◆ **Exercise aim**: Word for word, output the data, with none of its pictures.

◆ **Data**:
..........
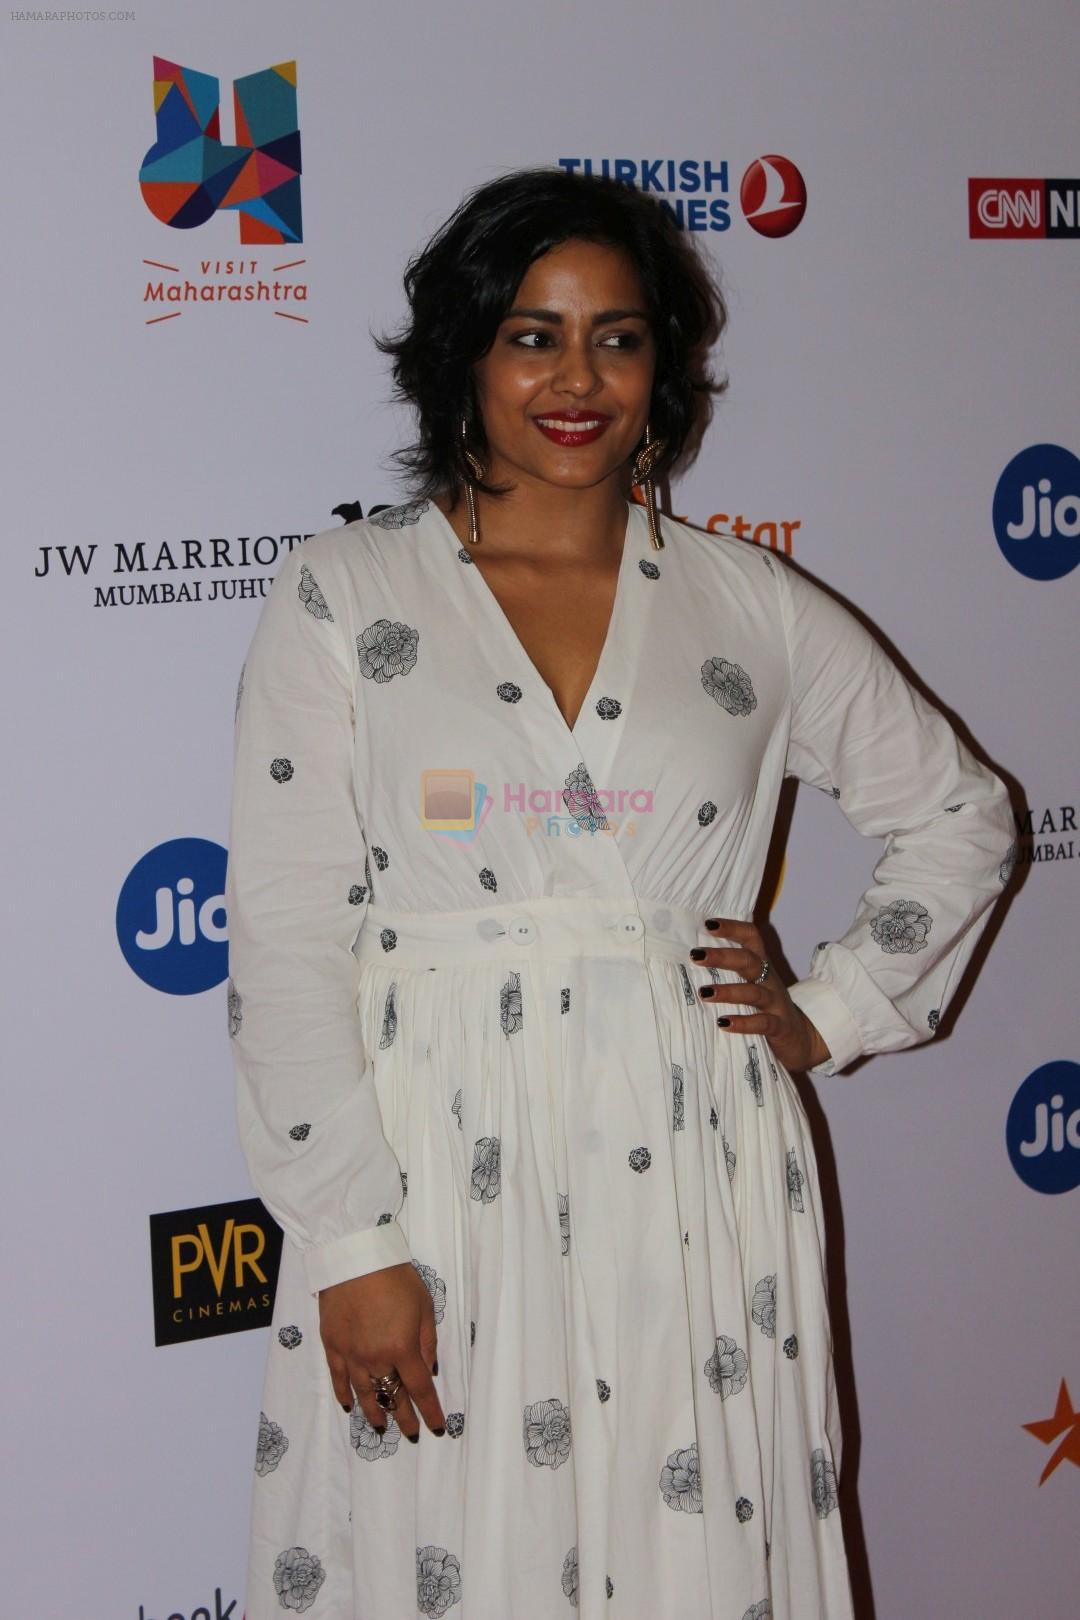 Shahana Goswami at Manoj Bajpai 's First International Project In The Shadows To Be Screened At Mami Festival on 16th Oct 2017
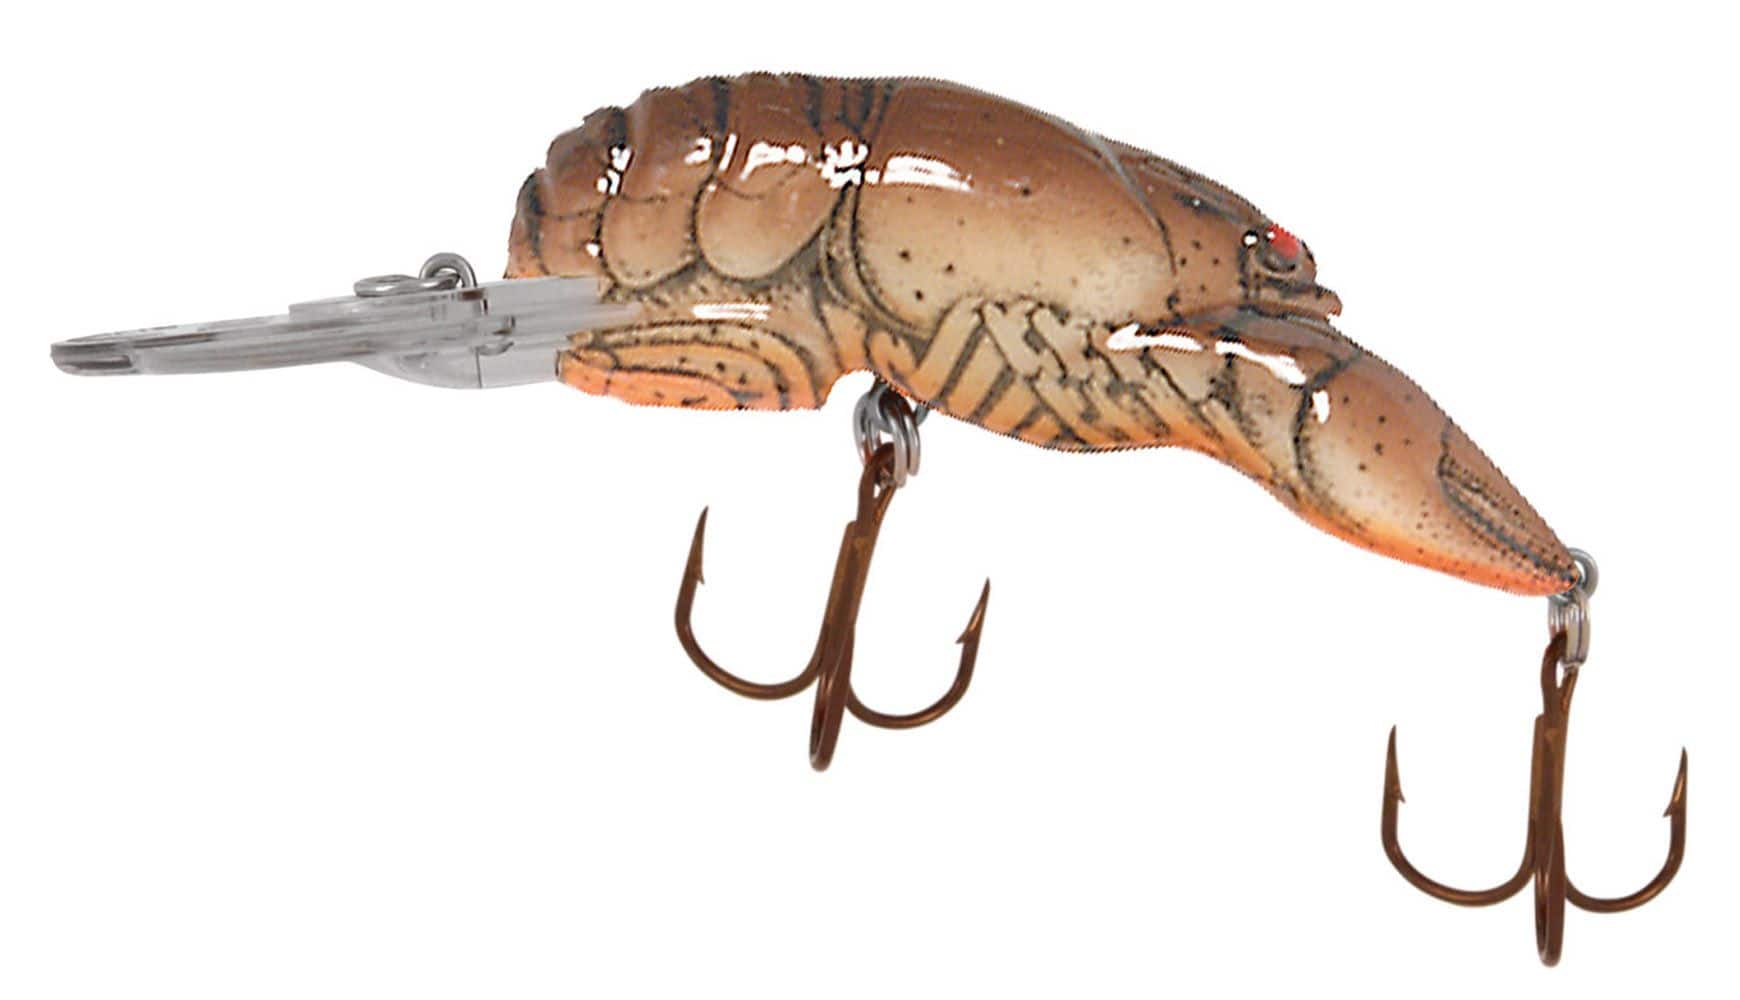 6 Reasons Why The Rebel Crawfish Is An Awesome Lure - Premier Angler
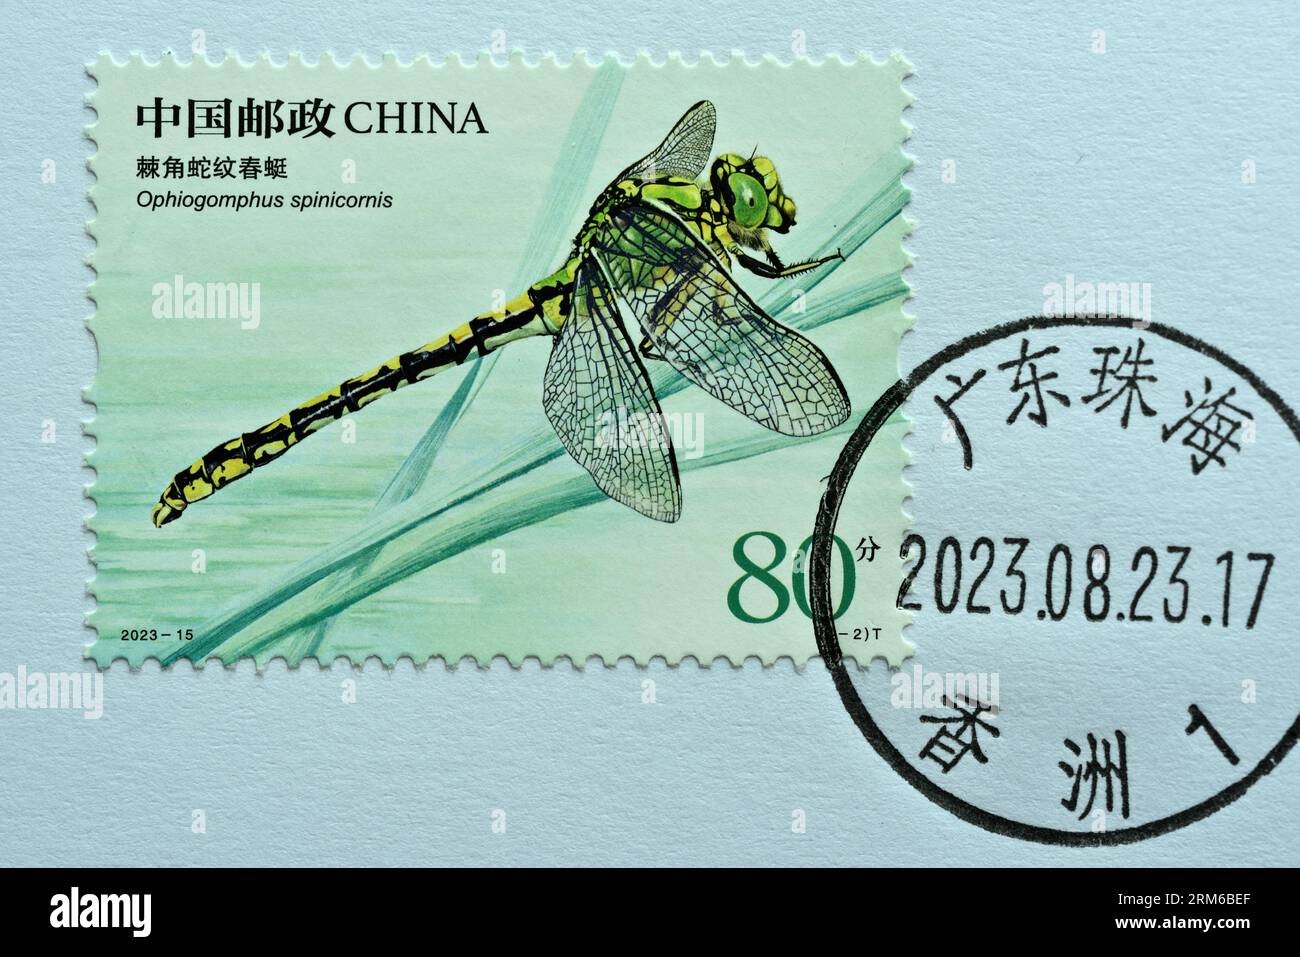 CHINA - CIRCA 2023: A stamps printed in China shows 2023-15 insect Ophiogomphus spinicornis,  circa 2023. Stock Photo
..........
◆ **Exercise output**:
 Shahana Goswami at Manoj Bajpai 's First International Project In The Shadows To Be Screened At Mami Festival on 16th Oct 2017
 6 Reasons Why The Rebel Crawfish Is An Awesome Lure - Premier Angler
 CHINA - CIRCA 2023: A stamps printed in China shows 2023-15 insect Ophiogomphus spinicornis,  circa 2023. Stock Photo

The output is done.